Our school would also do the traditional marketing actions like calling parent and
community meetings, sending out newsletters and purchasing newspaper ad space, but I
truly believe that our biggest leverage point would be using the aforementioned
technology. We simply can’t be afraid of it, but this, unfortunately, is the normal
response when a new technology is introduced.

For example, back in Plato’s day, the new technology was writing with the stylus.
For Plato, this was anathema.
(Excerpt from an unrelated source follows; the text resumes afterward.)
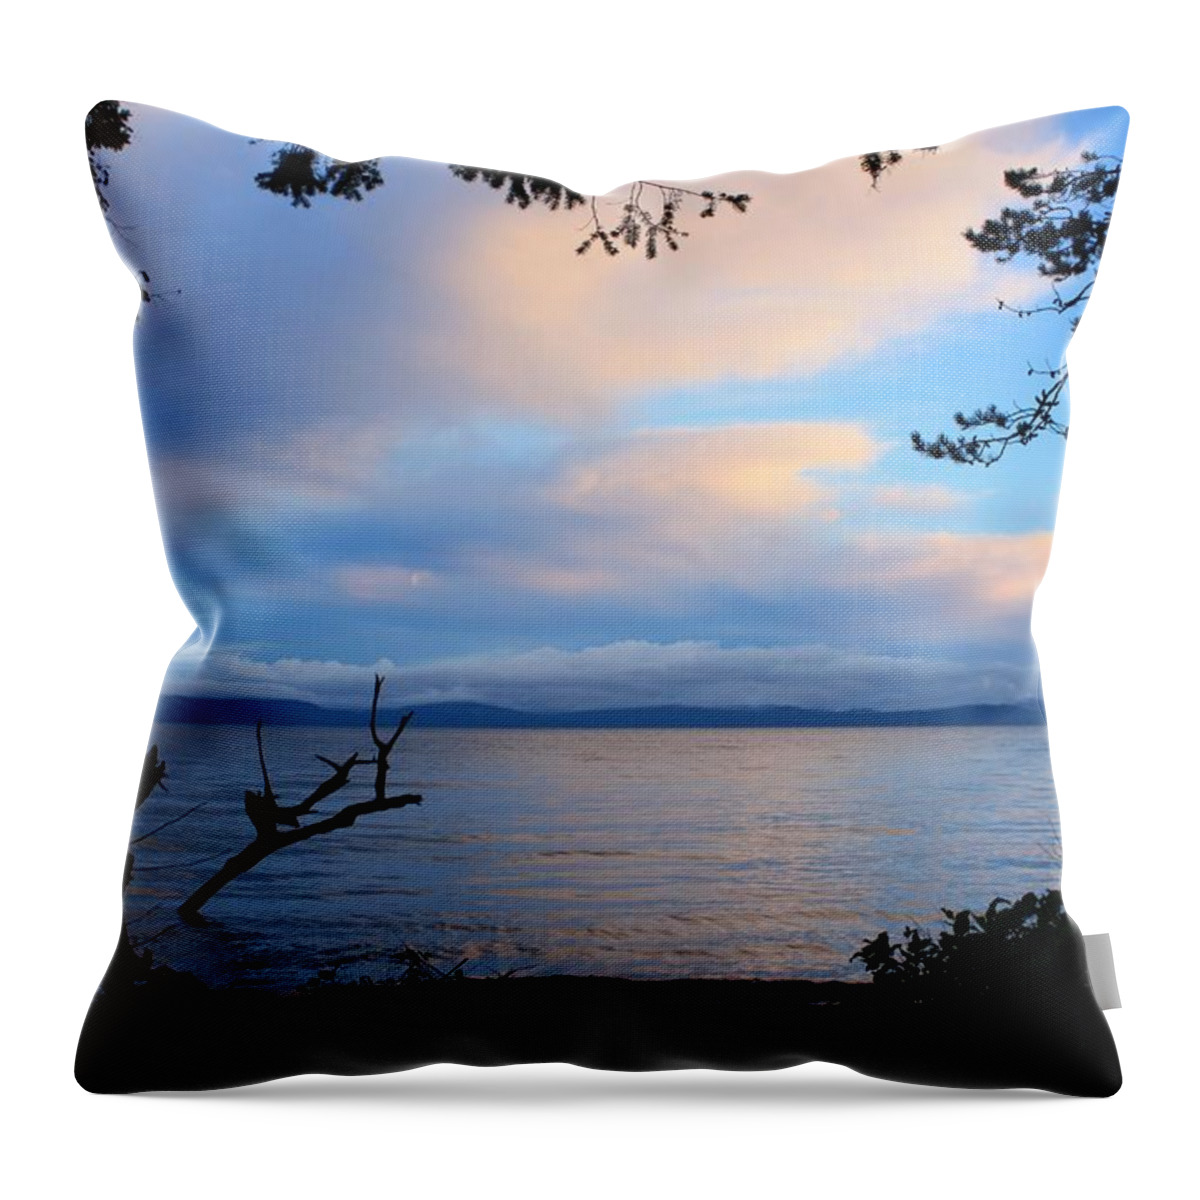 Vancouver Island Throw Pillow featuring the photograph Sunrise Clouds by Gerry Bates

He thought that writing, as opposed to direct, face-to-face
communication, would hurt Athens by corroding the memory of Athenians and by
weakening democratic discourse (because speakers would no longer be present to defend
what they had written).

The same dynamic is at work today: how many times have you heard that
Facebook means the demise of real social interaction? Yet, this is the kind of technology
to reach students. (I can speak from personal experience here: I’m reachable on email
and at school throughout the school day, but kids reach me most frequently on
Facebook.) We need to stop being pollyannas about this, realize that the days of “Little
House on the Prairie” are over, and get on board with what is hip and cool to our
customers.

My marketing plan, at every step of the way, will keep this focus in mind.